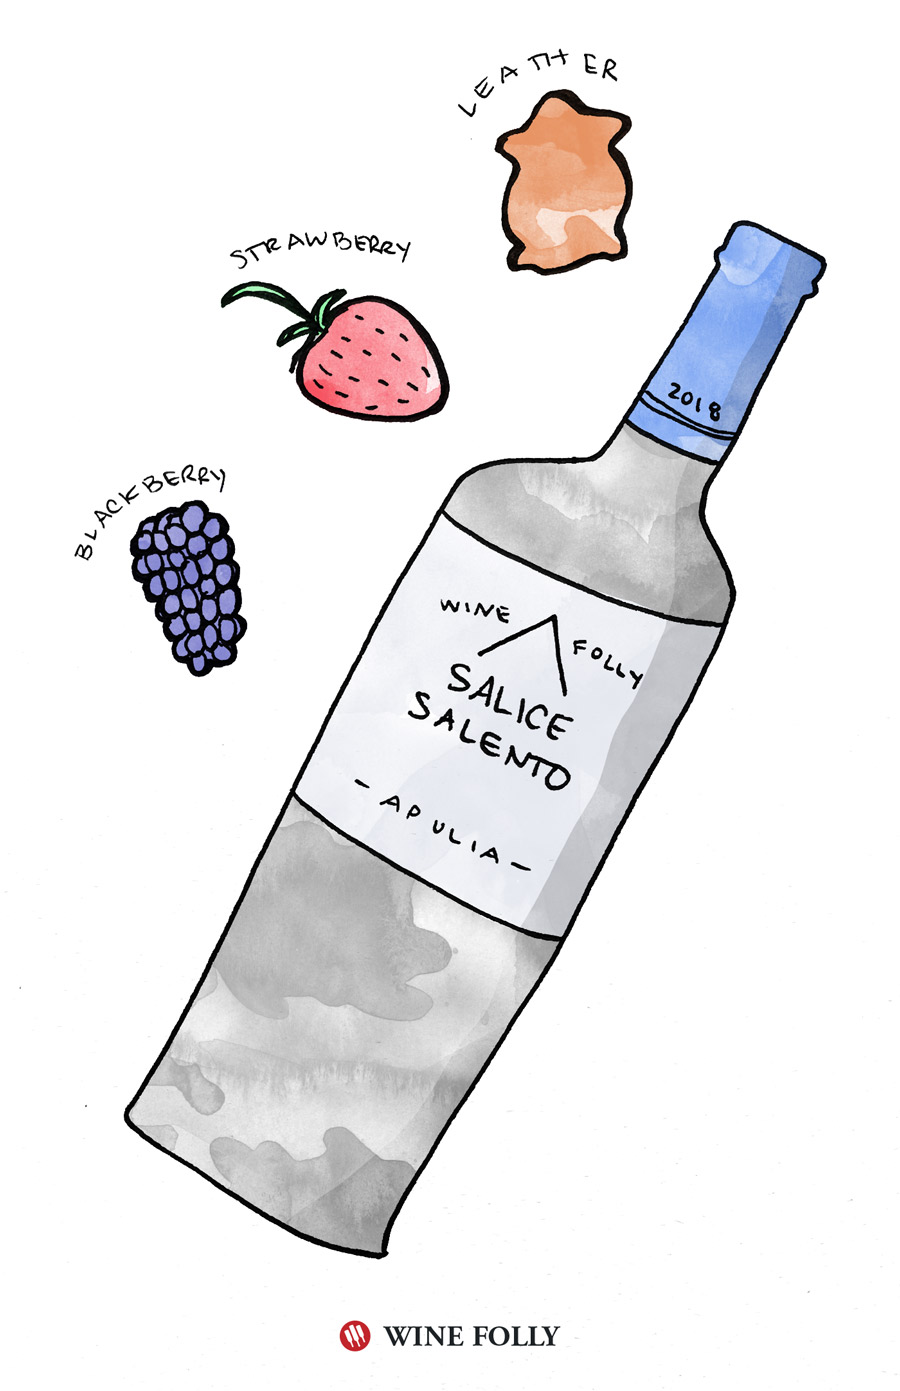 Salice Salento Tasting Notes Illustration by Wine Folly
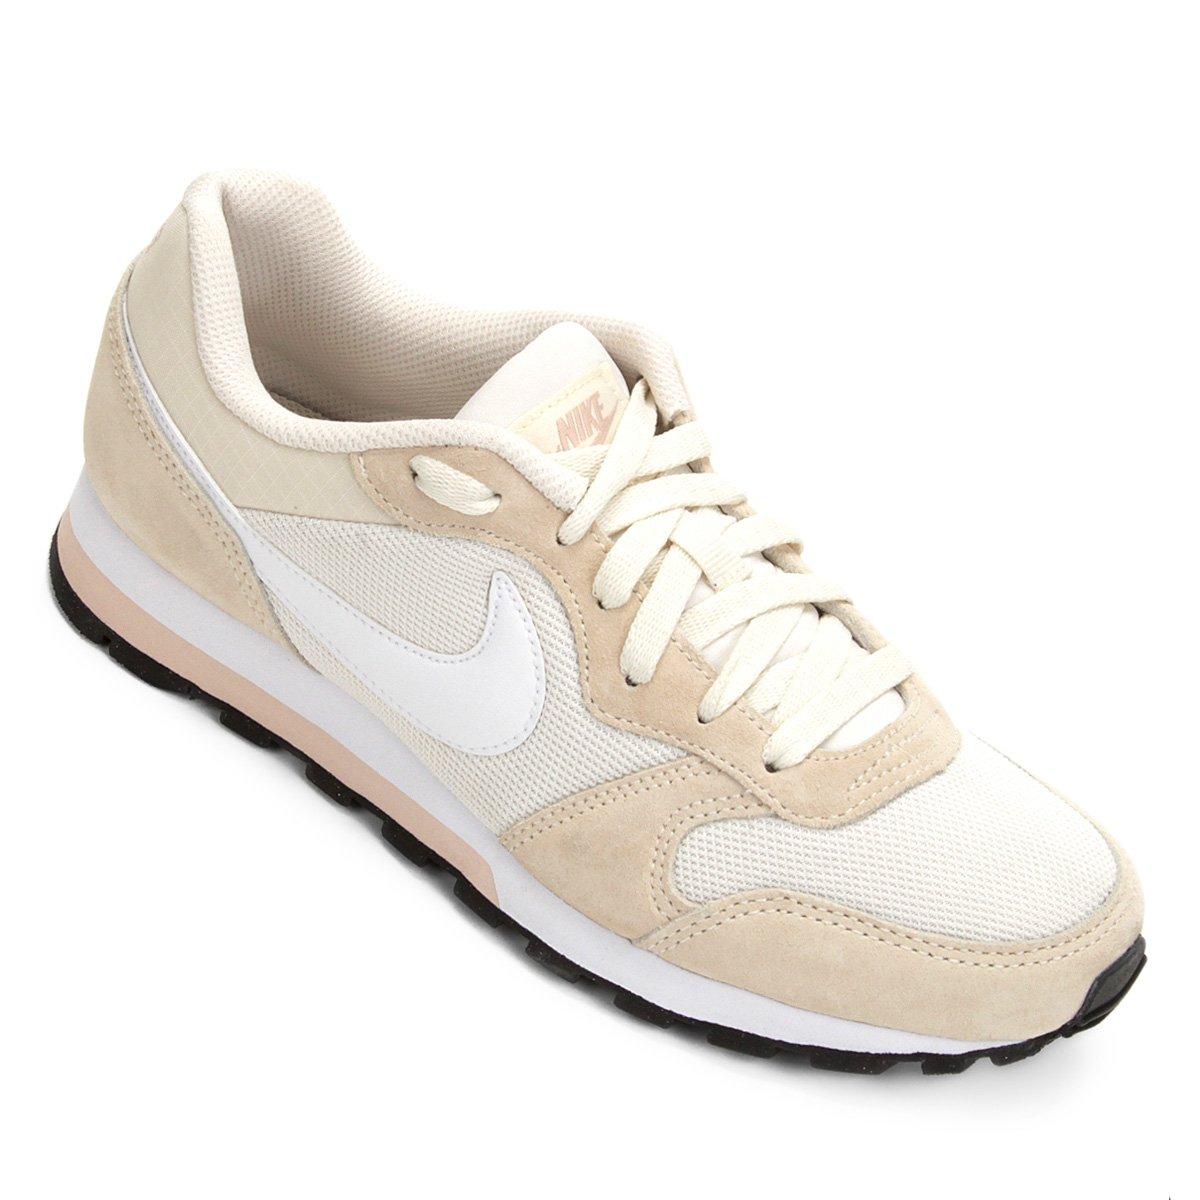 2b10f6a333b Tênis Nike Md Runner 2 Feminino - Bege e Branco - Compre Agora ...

---

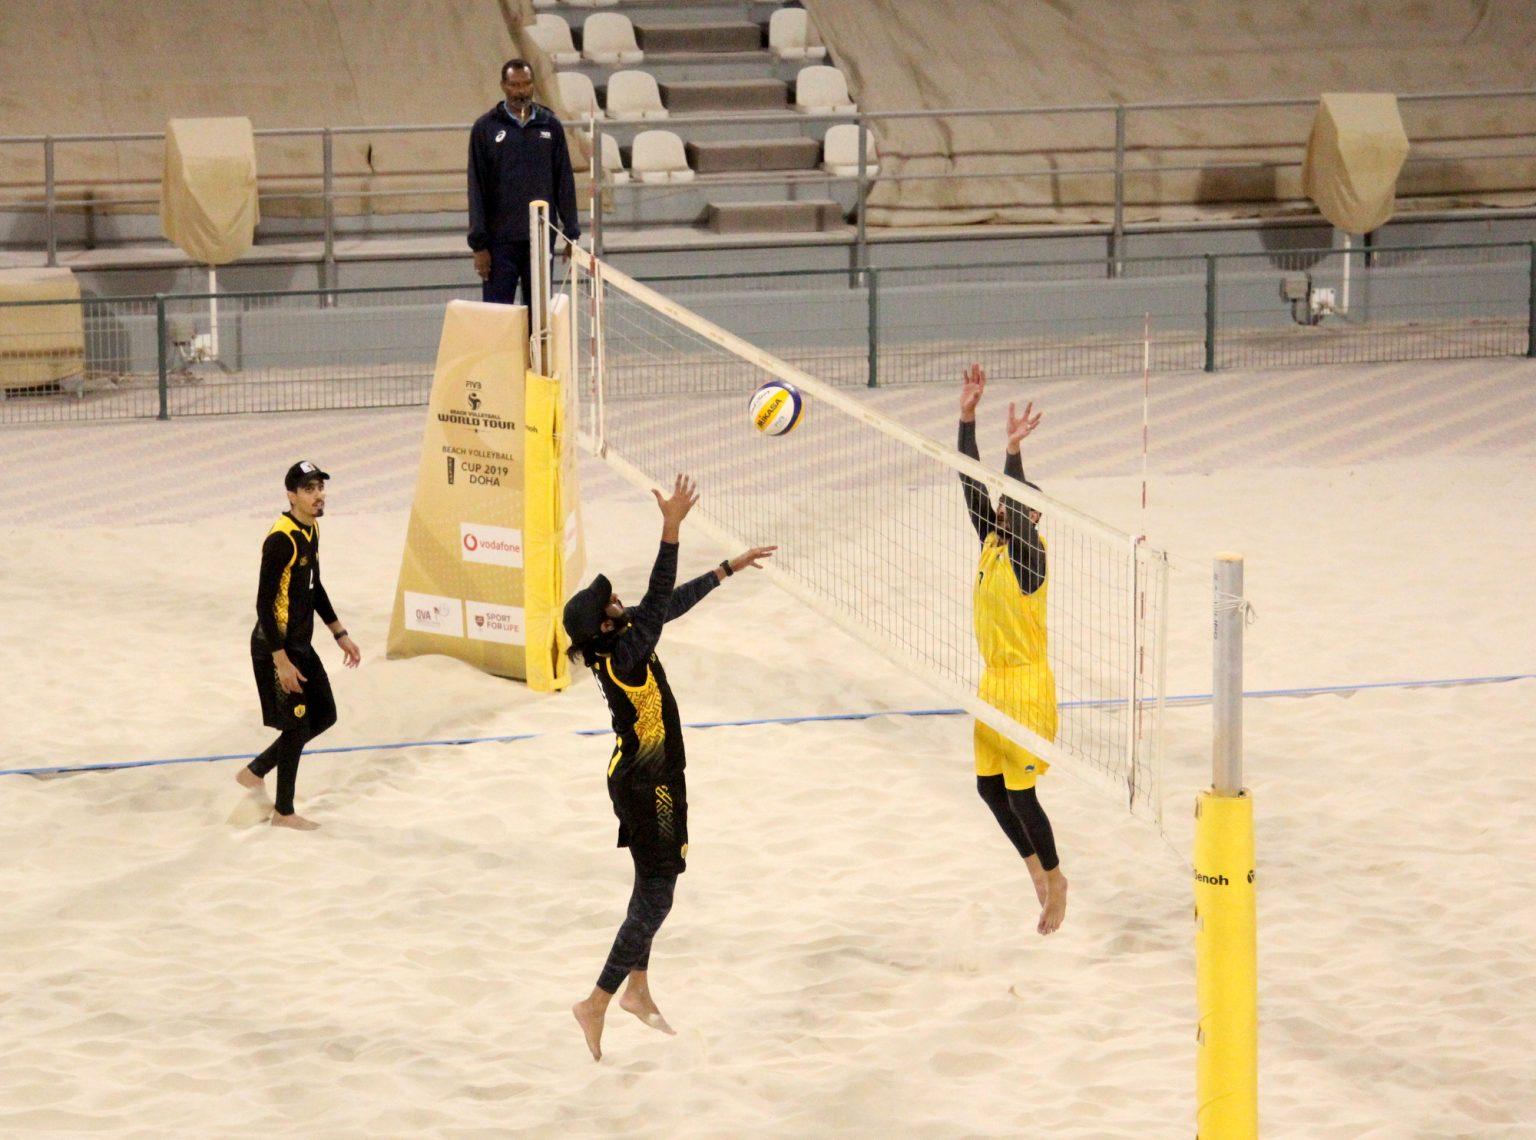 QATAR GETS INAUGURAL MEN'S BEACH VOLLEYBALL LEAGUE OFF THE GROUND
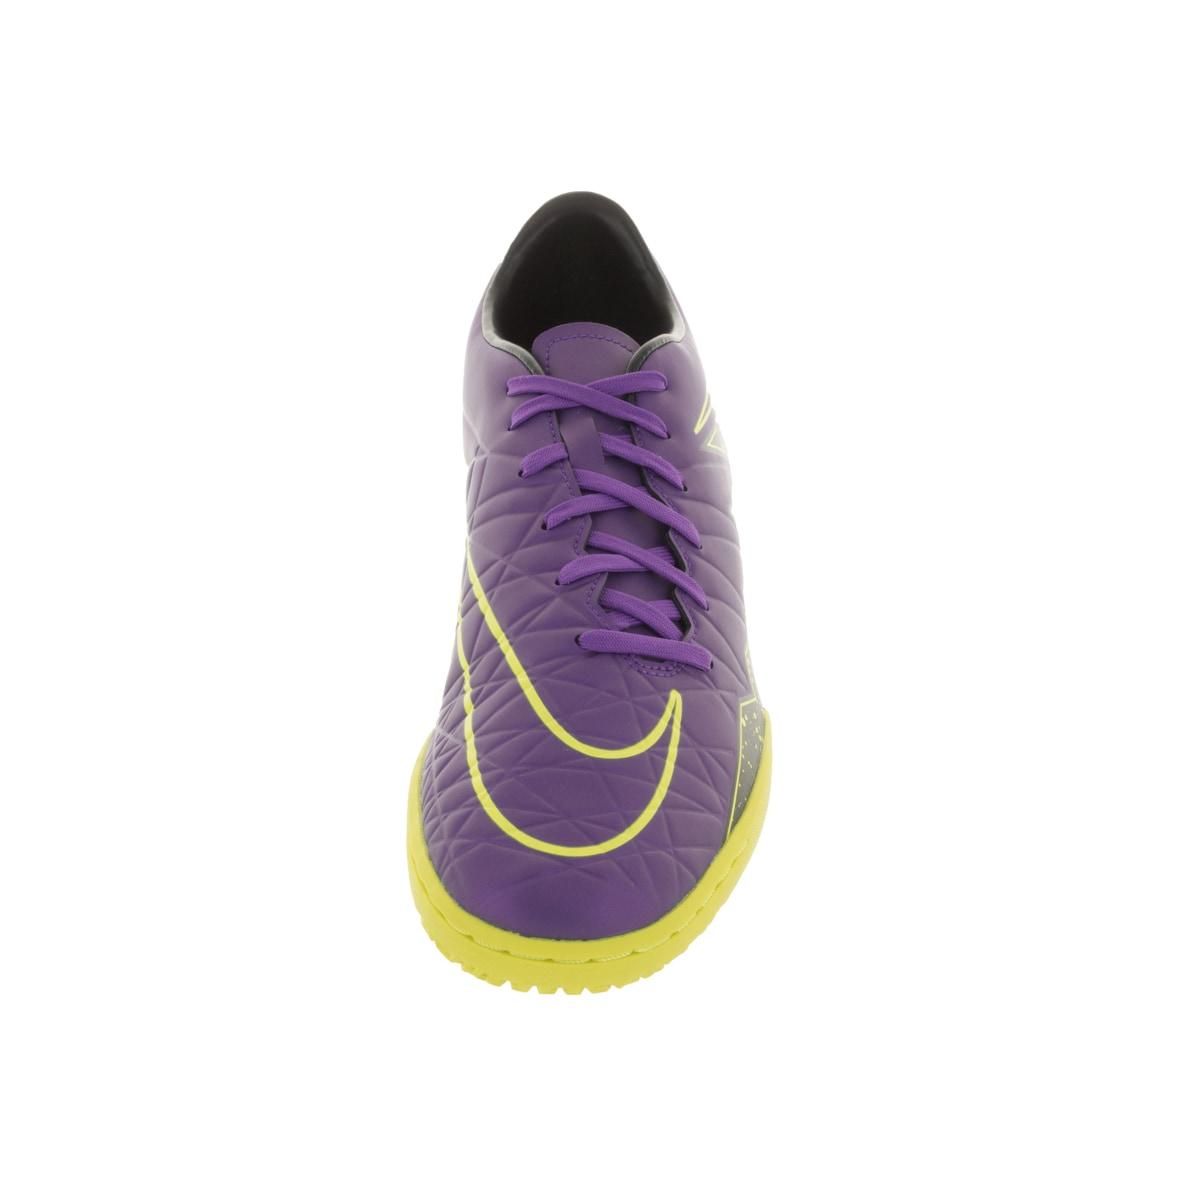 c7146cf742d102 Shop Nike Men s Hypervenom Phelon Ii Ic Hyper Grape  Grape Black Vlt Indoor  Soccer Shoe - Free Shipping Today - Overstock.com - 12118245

---

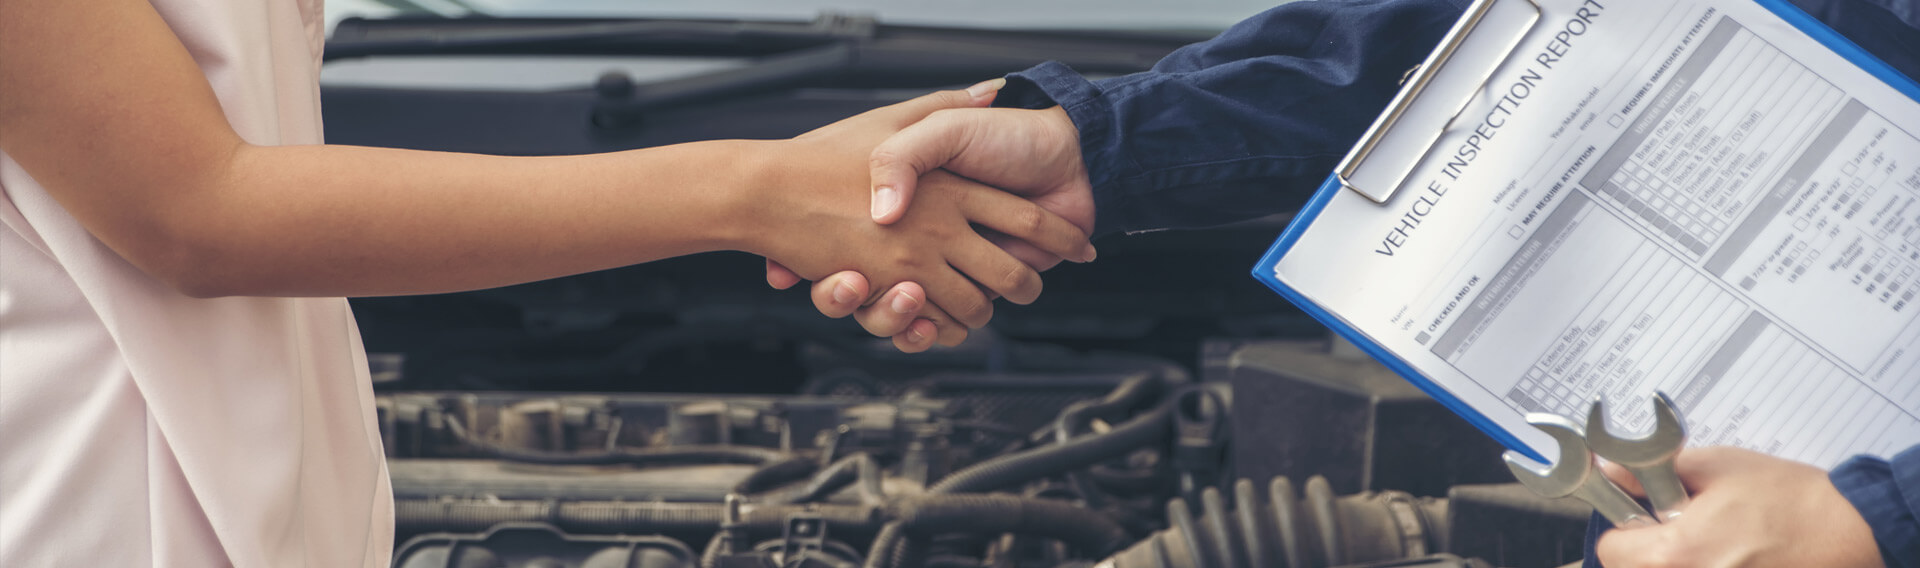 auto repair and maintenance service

Goal of the exercise: Using the entries above, write out exactly the lines from the one with "Salice Salento Tasting" through the one with "2b10f6a333b Tênis Nike", ends included. Leave out any pictures.

Your solution:
 Salice Salento Tasting Notes Illustration by Wine Folly
 2b10f6a333b Tênis Nike Md Runner 2 Feminino - Bege e Branco - Compre Agora ...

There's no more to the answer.